Il est connu que les luttes militantes féministes ont précédé la jurisprudence concernant la criminalisation du viol. Il devra en être de même pour les logements. Jusqu’à maintenant les violences y sont perçues comme réalité tribale entre locataires. Cette vision ne peut que se transformer avec les transformations de valeurs et des profils de violences. Ajoutons à ce qui vient d’être dit: croissance de la pauvreté et du chômage et pénurie de logements.

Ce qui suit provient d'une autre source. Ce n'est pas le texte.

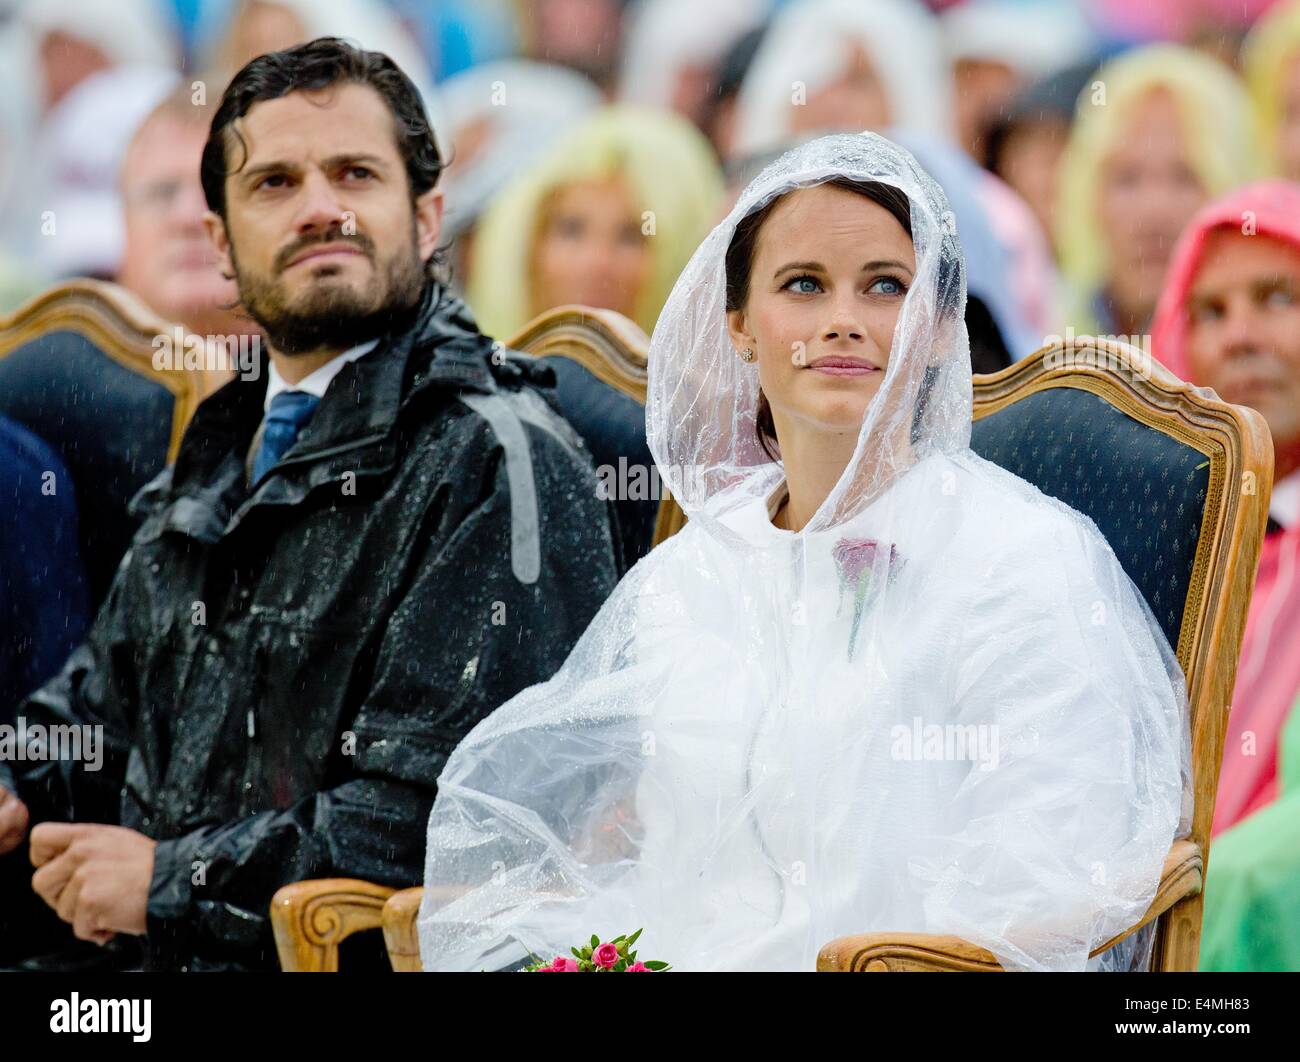 Prince Carl Philip of Sweden and his wife to be Sofia Hellqvist pose for photographs during the celebrations of Crown Princess' 37th birthday in Borgholm, Oeland island, Sweden, 14 July 2014. Photo: Patrick van Katwijk - NO WIRE SERVICE - Stock Photo

Depuis l’automne 2000, c’est-à-dire depuis les ateliers de La Marche mondiale des femmes, les attendus d’une pétition ont été déposés auprès de la Présidente de la Régie du logement. Il s’agissait d’une première démarche collective pour amener les structures à voir la violence en logements dans ses multiples facettes. Par ailleurs, d’autres démarches m’ont fait intervenir auprès de la Justice, de la Police, de Services sociaux et Comités logements, voire auprès d’instances nettement plus politiques, par exemple la députée de Mercier de qui j’anticipe l’appui.

Le travail de réflexion continue de s’alimenter en tenant compte du travail de terrain par les ateliers. Cela dit en admettant que la lutte est exigeante de temps et de patience Dans l’aspérité de leurs luttes respectives, certaines femmes arrivent à prendre une distance avec ce qu’elles vivent pour ramener la lutte dans une vision agrandie.

Le jugement de Me Hurlet m’est apparu tel l’indice d’une percée quant aux transformations de la jurisprudence, plus particulièrement quant aux profils de violences qui mériteraient d’être reconnus dans l’orbe de l’acte criminel.

Je rappelle ma suggestion à la Présidente de la Régie du logement et dont le contenu se retrouve dans la publication du printemps 2001, plus spécifiquement quant au suivi long-terme de certaines violences.2 Un tel modèle d’encadrement pourrait être mis en application dans le but de faire intervenir des professionnels de la Régie et de Services sociaux du Québec dans un dossier cheminant selon plusieurs étapes juridiques. Bien sûr, le suivi long-terme ne saurait venir sans la refonte de la jurisprudence propre aux logements.

Cela dit en acceptant toute l’importance de l’autorité morale ramenée au locateur par le jugement de Me Hurlet. Même si la cession reste possible de ce côté, il m’apparaît indéniable que tout locateur doit être vu comme «la responsabilité morale et éthique» devant faire respecter l’intégrité domiciliaire.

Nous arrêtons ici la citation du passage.